Detection Method:Sandwich
Test principle:This assay employs a two-site sandwich ELISA to quantitate LRG1 in samples. An antibody specific for LRG1 has been pre-coated onto a microplate. Standards and samples are pipetted into the wells and anyLRG1 present is bound by the immobilized antibody. After removing any unbound substances, a biotin-conjugated antibody specific for LRG1 is added to the wells. After washing, Streptavidin conjugated Horseradish Peroxidase (HRP) is added to the wells. Following a wash to remove any unbound avidin-enzyme reagent, a substrate solution is added to the wells and color develops in proportion to the amount of LRG1 bound in the initial step. The color development is stopped and the intensity of the color is measured.

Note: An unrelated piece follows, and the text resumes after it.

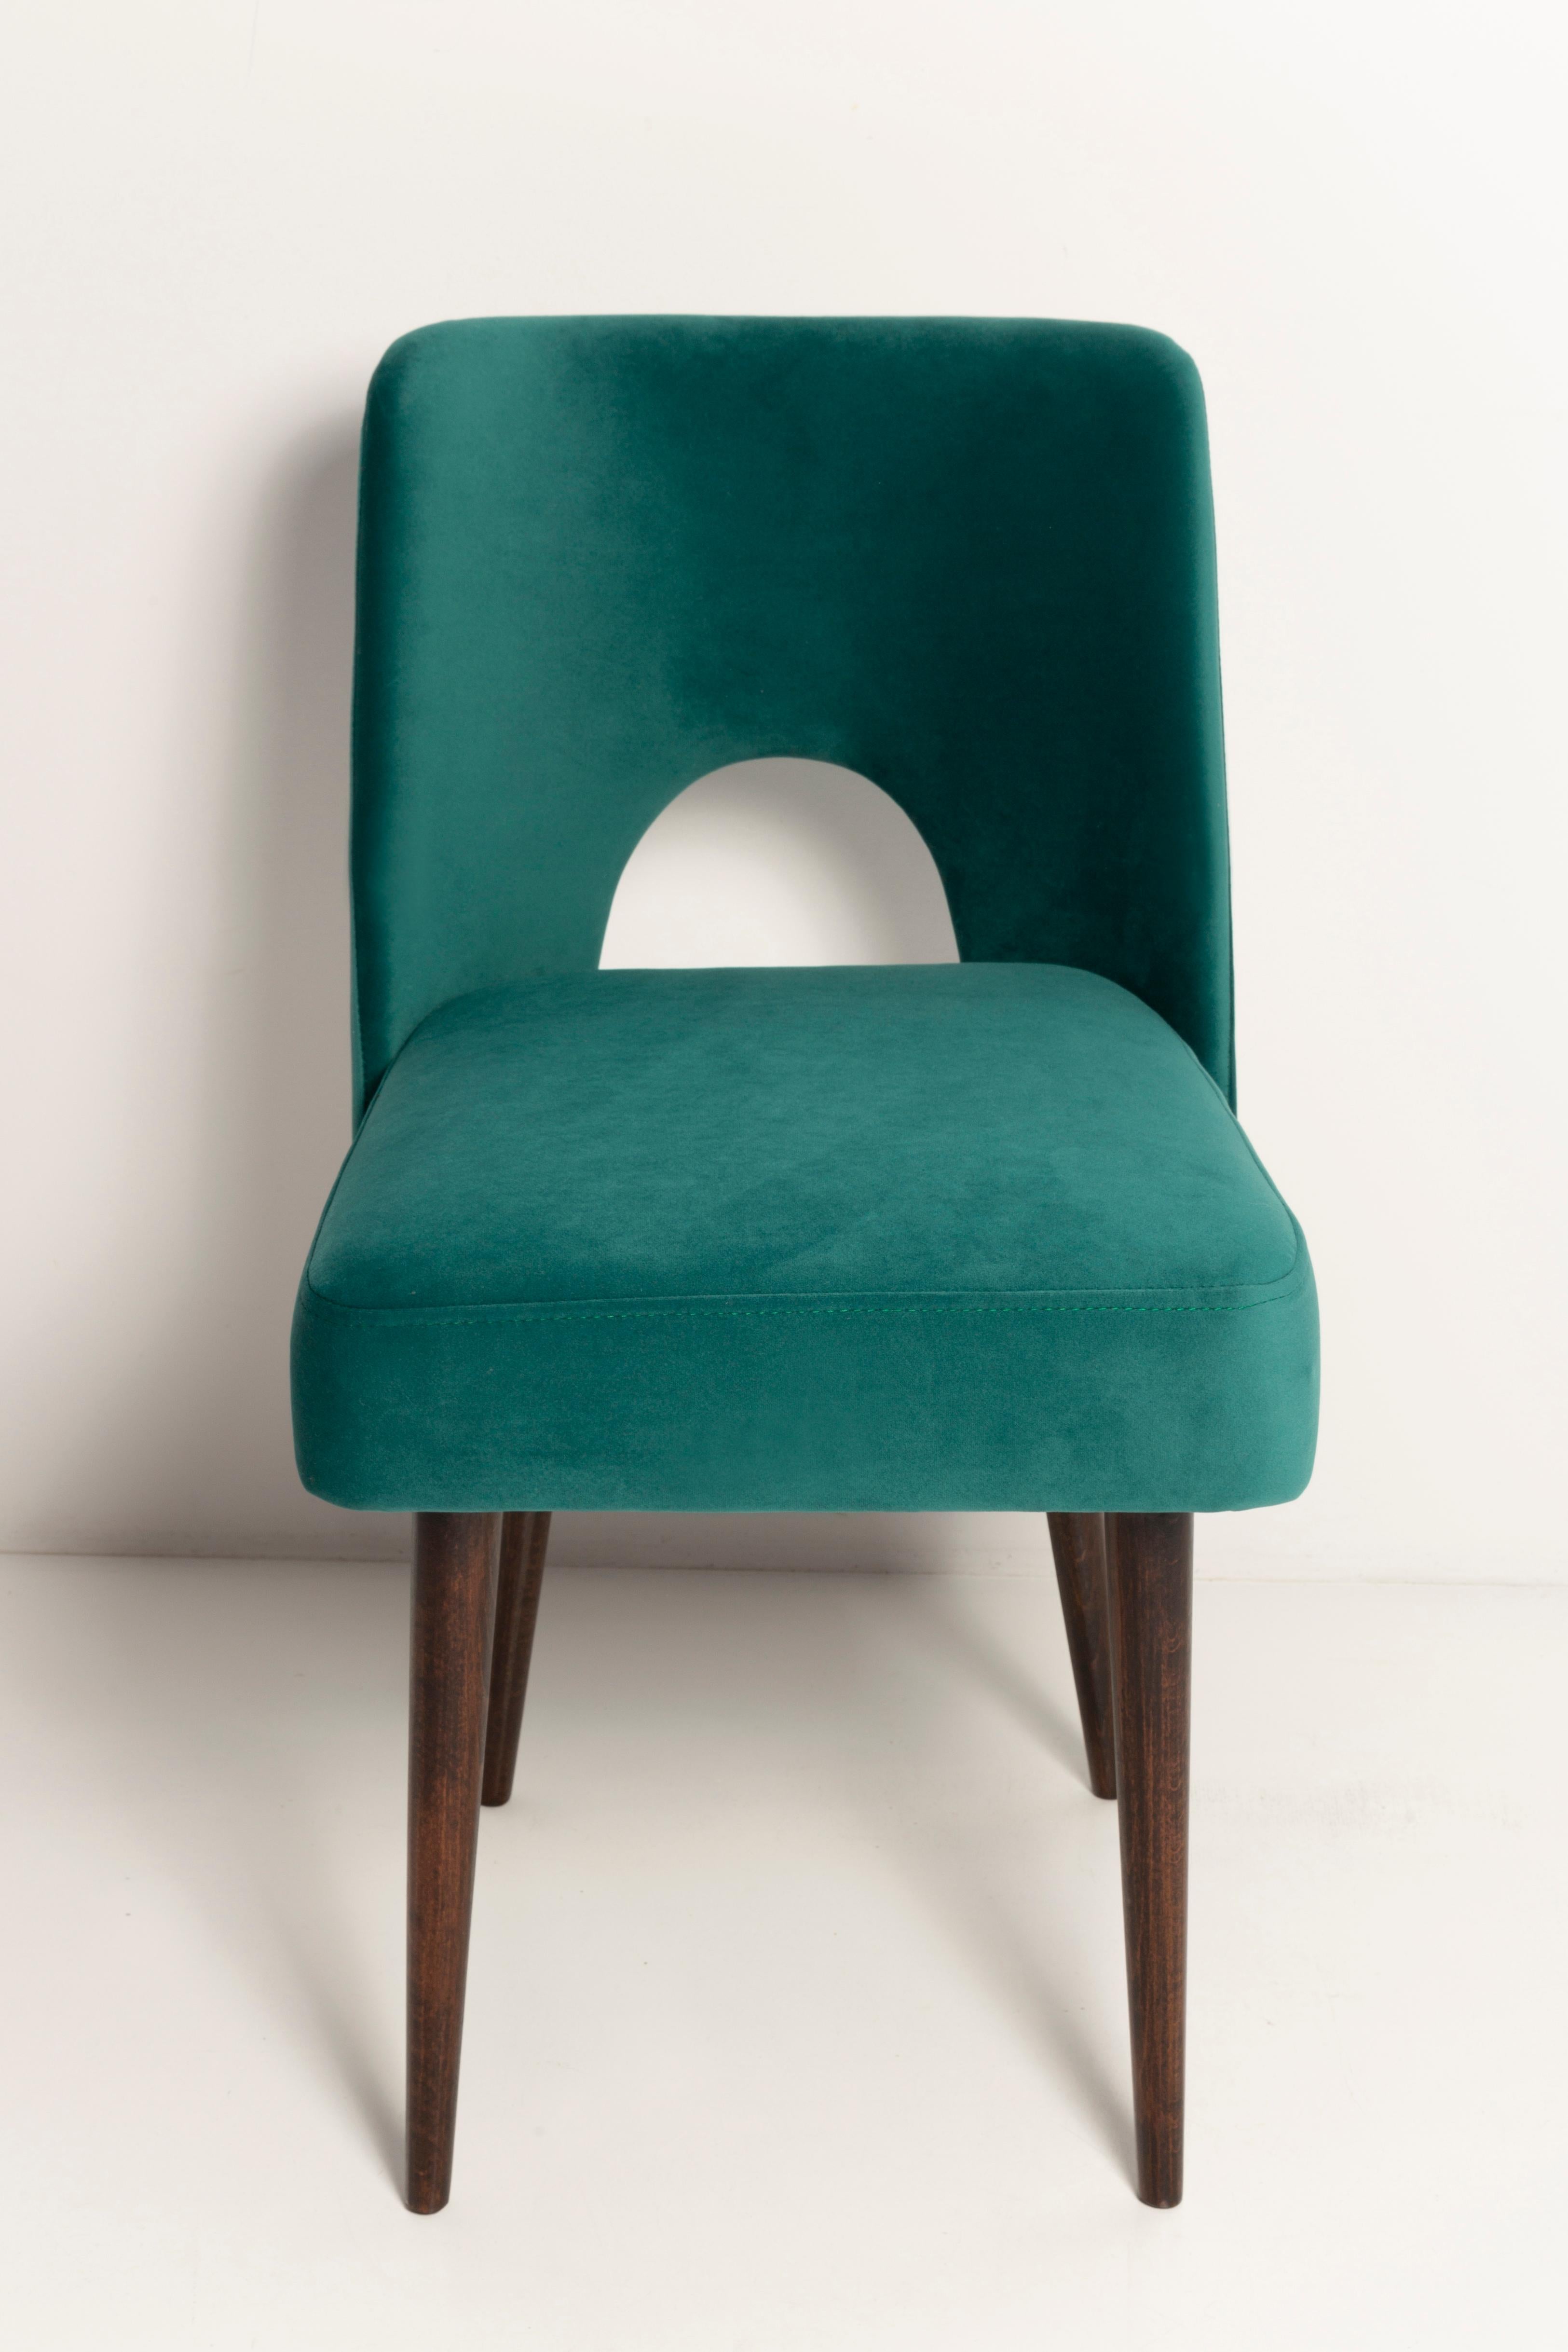 Seven Velvet 'Shell' Chairs, Dark Green Velvet, Dark Beech Wood, Europe, 1960s For Sale 1

Product Overview:The leucine-rich repeat (LRR) family of proteins, including LRG1, have been shown to be involved in protein-protein interaction, signal transduction, and cell adhesion and development. LRG1 is expressed during granulocyte differentiation.
Human LRG1 was isolated from human serum by Haupt and Baudner, 1977. By sequence analysis, Takahashi et al. (1985) determined that purified LRG1 protein has 312 amino acids and an experimentally determined molecular mass of 45 kD. The LRG1 polypeptide contains 1 galactosamine and 4 glucosamine oligosaccharides attached and has 2 intrachain disulfide bonds. Leucine comprises 66 of the 312 amino acids, and LRG1 contains at least 8 24-amino acid leucine-rich repeats.